Let $u$ and $v$ be fixed positive constants. Then the system of equations
$$x^2+y^2=u^2+v^2$$ and $$x^3+y^3=u^3+v^3$$
(A) has infinitely many positive solutions.
(B) the number of solutions be atmost countable.
(C) has only two solutions.
(D) it is not solvable.
Clearly the pairs $x=u, y=v$ satisfies both the equations. Also $x=v, y=u$ satisfy both the equations. So there are two solutions we get. How can we conclude that there are exactly two solutions or not ?
Any hint.?
On
I think you can get some intuition for this problem by using calculus. Since the second equation is a strictly decreasing function of $x$, and the graph of the first equation is clearly a bounded circle, it is not too difficult to check that there must be a finite number of solutions.

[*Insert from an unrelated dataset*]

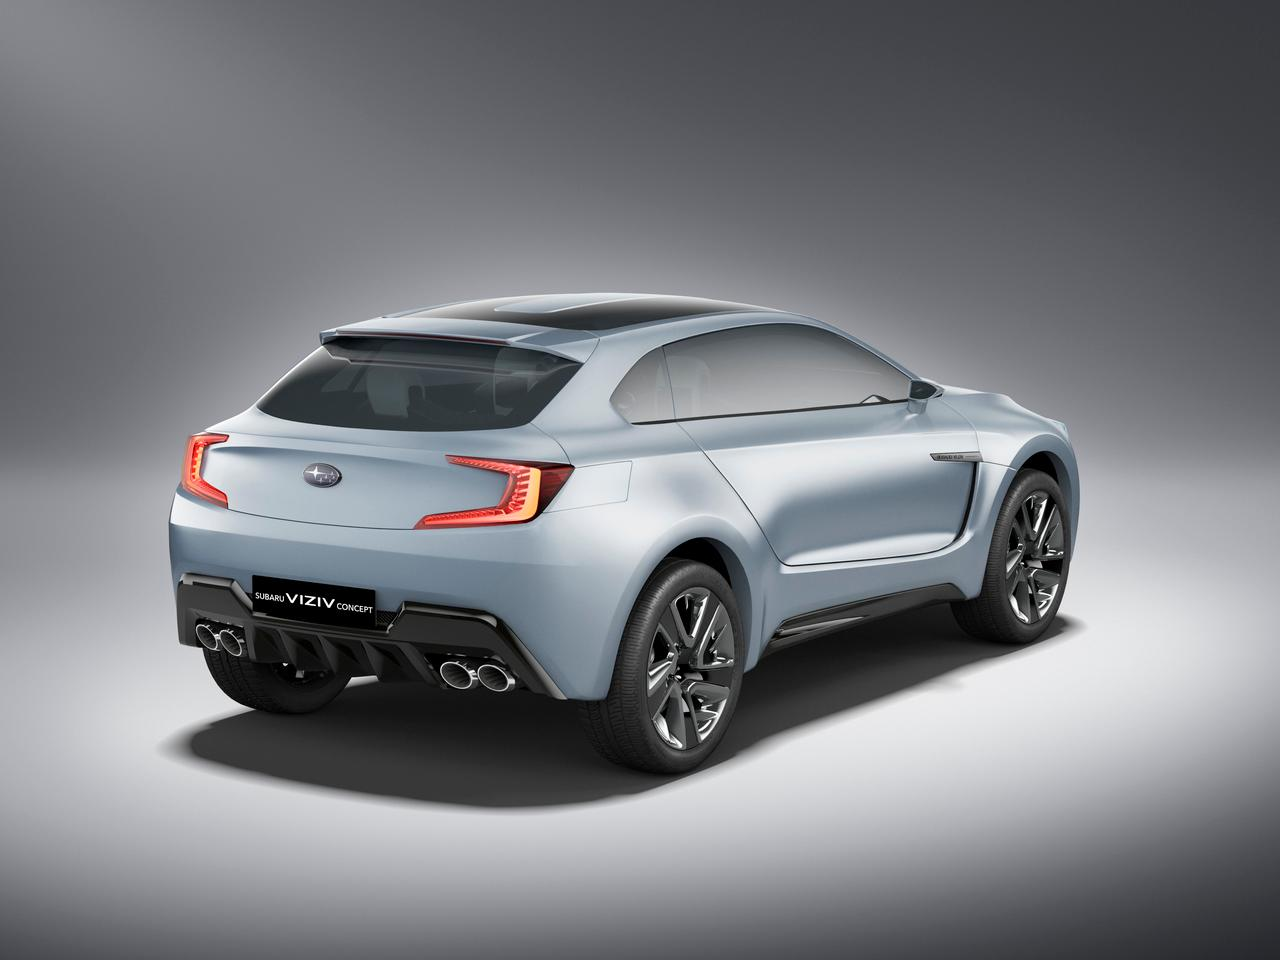 Subaru Viziv Concept exterior rear

Note that by implicit differentiation, the slope of the graph of $x^2 + y^2 = u^2 + v^2$ is $y' = -\frac{x}{y}$ and similarly the slope of the graph of $x^3 + y^3 = u^3 + v^3$ is $y' = -\frac{x^2}{y^2}$. If $u \neq v$, WLOG assume that $u < v$. Then at the solution point $(x,y) = (u,v)$, the slope of the cubic graph is less negative than the slope of the circle graph and so it is leaving the circle; thus it must have entered the circle for some $x < u$, giving us another solution. A similar argument shows that there is another solution with $x > v$. We can conclude that there are 4 solutions, unless $u = v$ in which case there are 3.
On
The identity $$(tx+sy)^2+(ty-sx)^2=(tx-sy)^2+(ty+sx)^2$$ where $t,s,x,y$ arbitrary shows that there are infinitely many solutions for the first system.

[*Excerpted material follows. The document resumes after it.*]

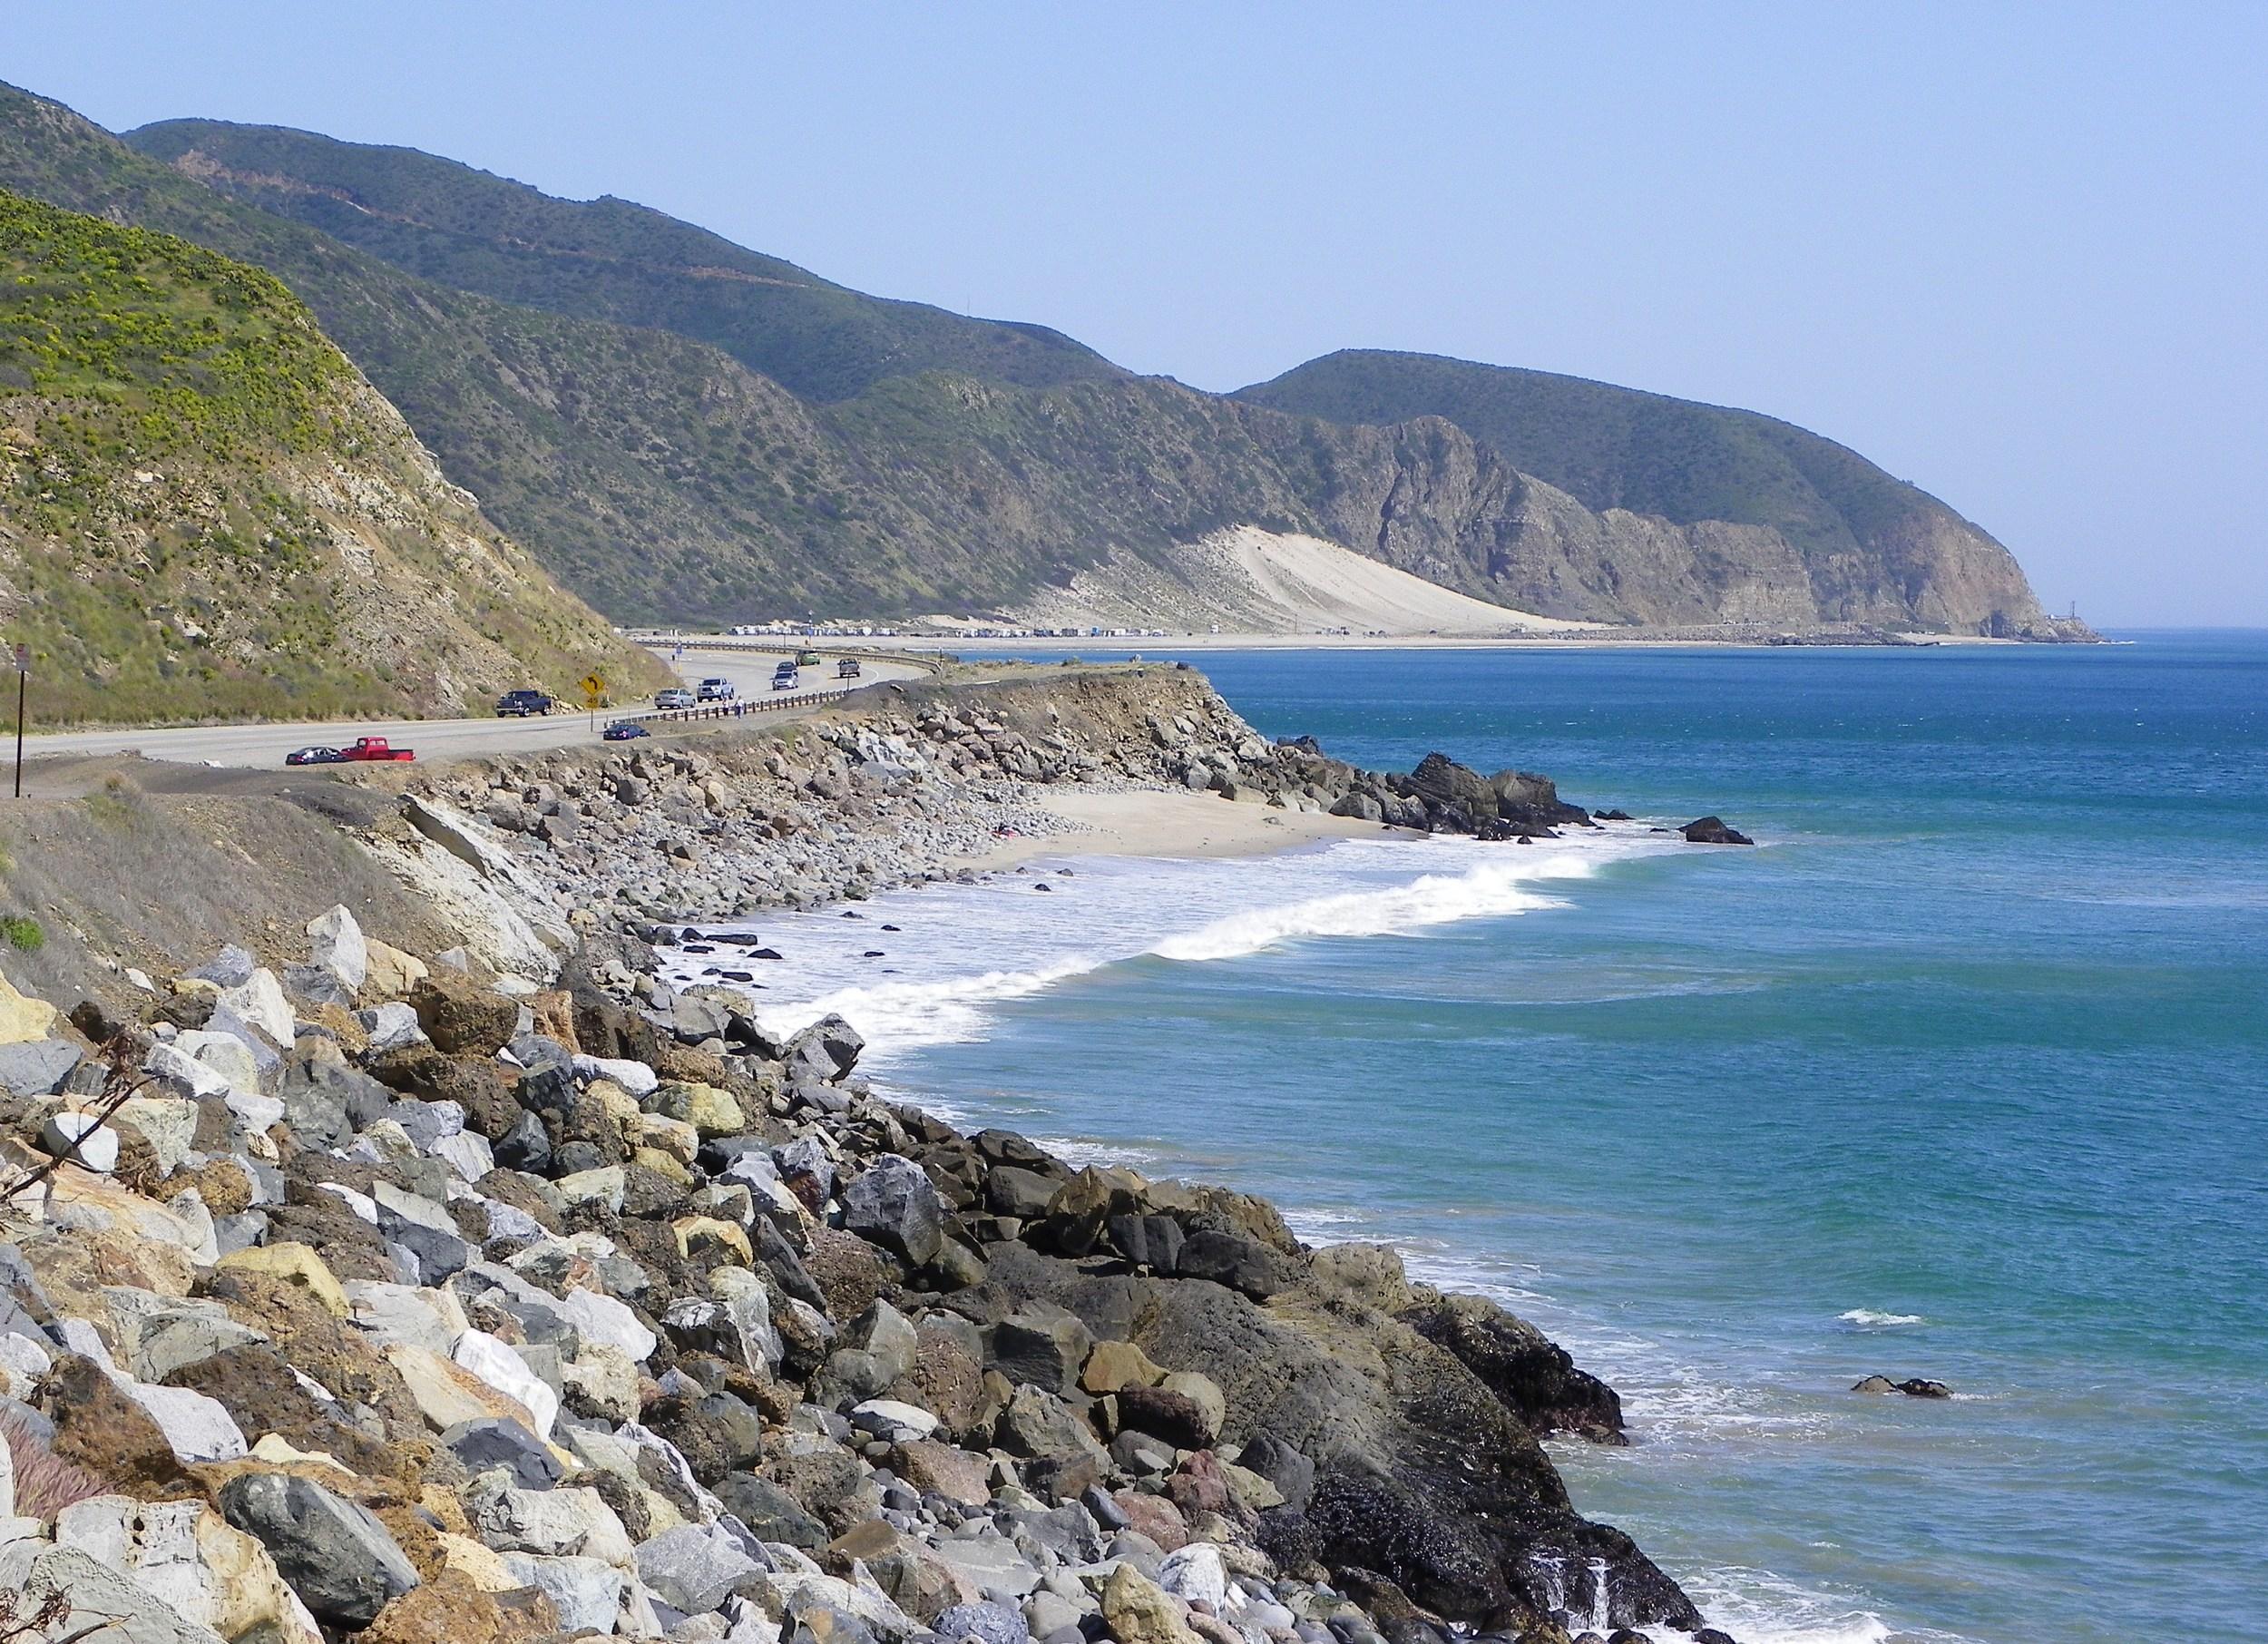 Ventura County Coastline Just South of Pt. Mugu

On the other hand, the equation $$x^3+y^3=Az^3$$ can have solutions or not. It is an elliptic curve than if have rational solutions, then excepting for the values of $A=1$ and $A=2$ have not torsion so there are infinitely many rational solutions. If you want to have solutions with $z=1$ and $x,y$ integers, there are many cases and because your system is without $A$ fixed, you can say there are many solutions.
The hint.
Let $x+y=2p$ and $xy=q^2$.
Thus, $p^2\geq q^2$ and $$4p^2-2q^2=u^2+v^2$$ and $$8p^3-6pq^2=u^3+v^3,$$ which gives $$q^2=\frac{4p^2-u^2-v^2}{2}$$ and $$8p^3-3p(4p^2-u^2-v^2)=u^3+v^3$$ or $$4p^3-3(u^2+v^2)p+u^3+v^3=0$$ or $$(2p-u-v)(2p^2+(u+v)p-u^2+uv-v^2)=0.$$ Now, $2p=u+v$ give $(x,y)=(u,v)$ or $(x,y)=(v,u).$
Thus, it's enough to understand what happens for $2p^2+(u+v)p-u^2+uv-v^2=0.$
Can you end it now?